Я не мог не согласиться с логикой Фрерона, бросил все и побежал в Конвент, успев как раз к началу вечернего заседания.
* * *
Конвент доживал в Манеже последние дни.
Вскоре после восстания 10 августа было решено, что законодатели перенесут свои заседания в Тюильри. Однако для этого в старом королевском дворце нужно было предварительно провести большие строительные работы. Архитектор Жизор предполагал закончить их к 1 ноября 1792 года, но они не были закопчены и на сей день. Пока что только некоторые бюро и комитеты Конвента переехали во дворец, Национальное же собрание рассчитывало перебраться туда лишь в начале мая.
Я поднялся на галерею Манежа и увидел тот же самый зал, который довелось мне в последний раз наблюдать накануне бегства короля.
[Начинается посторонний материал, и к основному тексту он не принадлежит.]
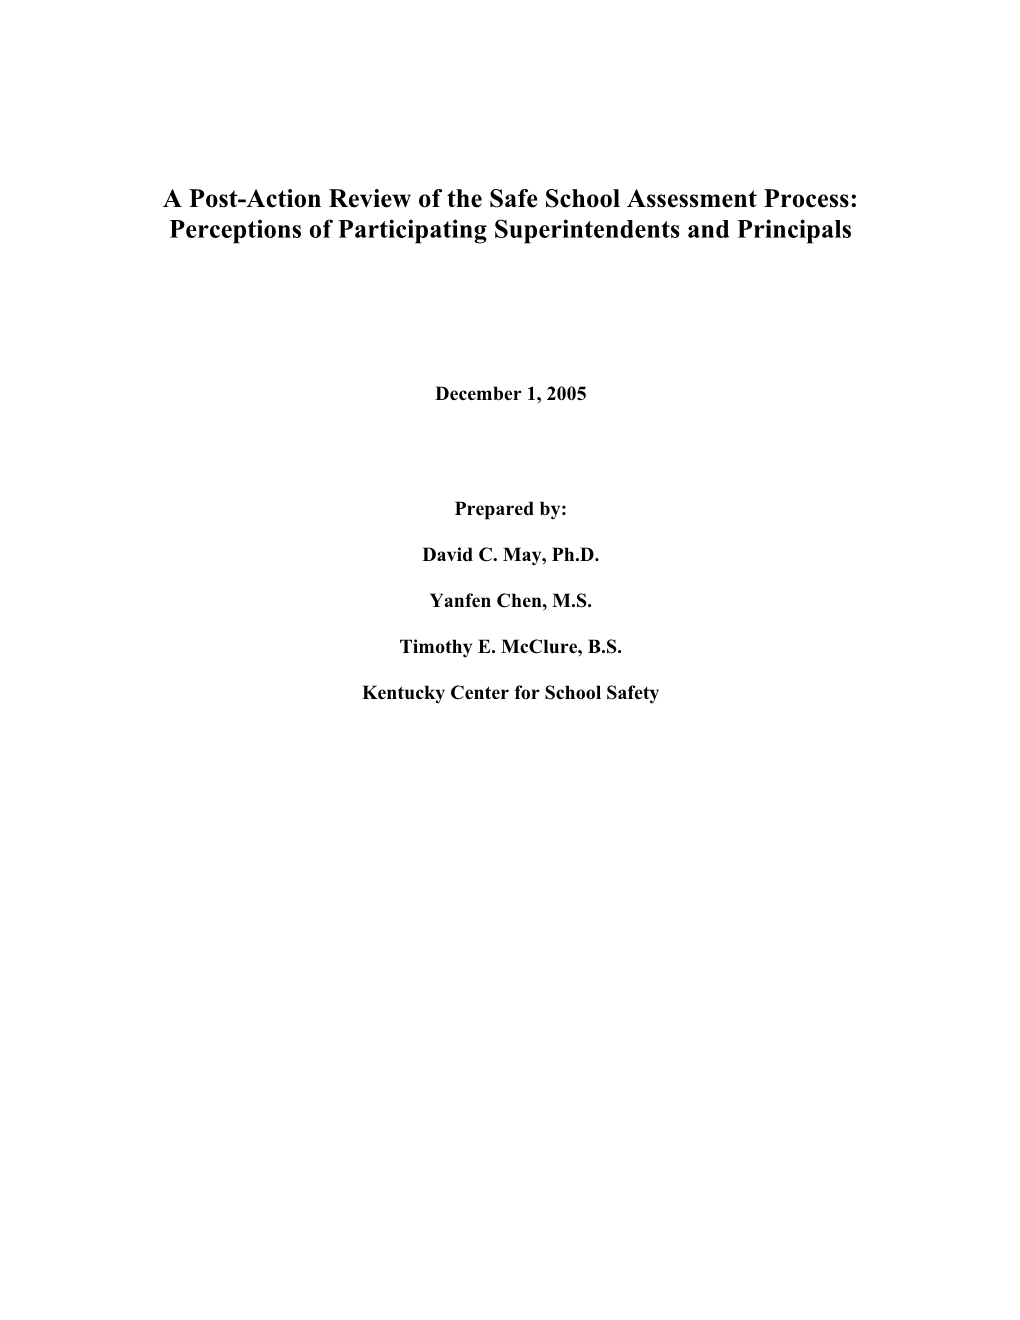 A Post-Action Review of the Safe School Assessment Process

Как будто бы ничего не изменилось с тех пор, только не было больше кресла в чехле из фиолетового бархата да народ на галереях стал более шумным…
Пока я искал свободного места, куда можно было не то чтобы сесть, но хотя бы встать, внизу крепла перепалка между Робеспьером и Петионом.
Неподкупный был мастером доводить противника до изнеможения, дразня его репликами и коварными вопросами, точно тореадор быка; кто хочет убедиться в этом, пусть прочтет его два открытых письма к Петиону. Сегодня Максимилиан действовал в подобном же стиле.
Петион требовал, чтобы одному из депутатов Горы (по ничтожному поводу) был сделан парламентский выговор.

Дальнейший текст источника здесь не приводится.